● **Task to complete**
Across the listing below, count the lines with "covers" in them. Write nothing but the number.

● **Data in this exercise**
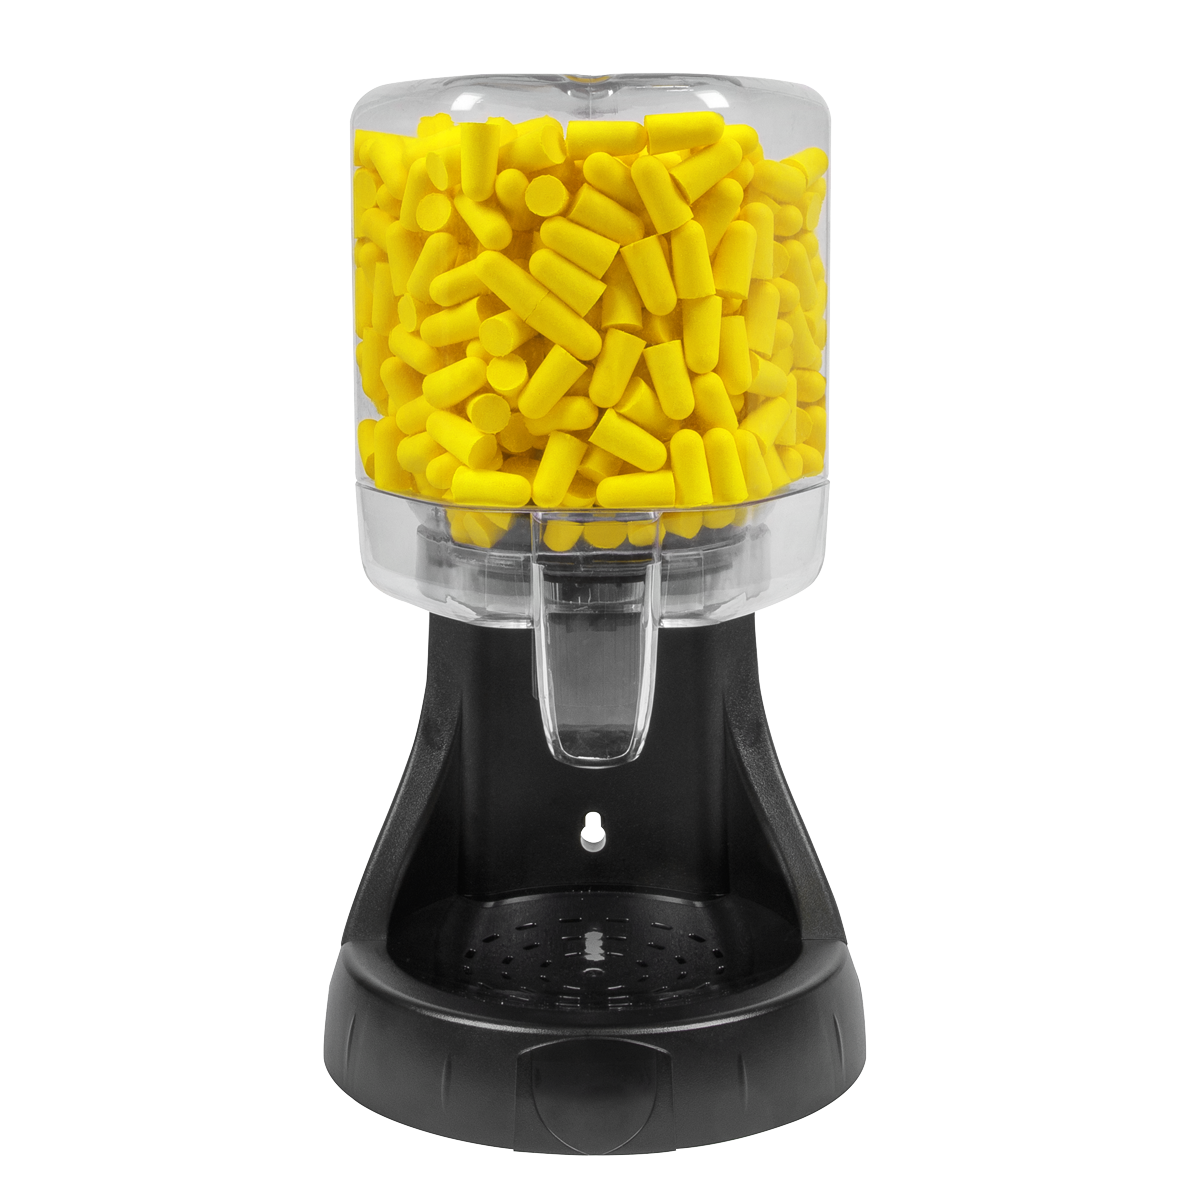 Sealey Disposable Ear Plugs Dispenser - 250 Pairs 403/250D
---
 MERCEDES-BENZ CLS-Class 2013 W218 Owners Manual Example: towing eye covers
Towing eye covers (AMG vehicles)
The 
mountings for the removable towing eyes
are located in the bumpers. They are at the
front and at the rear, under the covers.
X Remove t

● **Response area**
3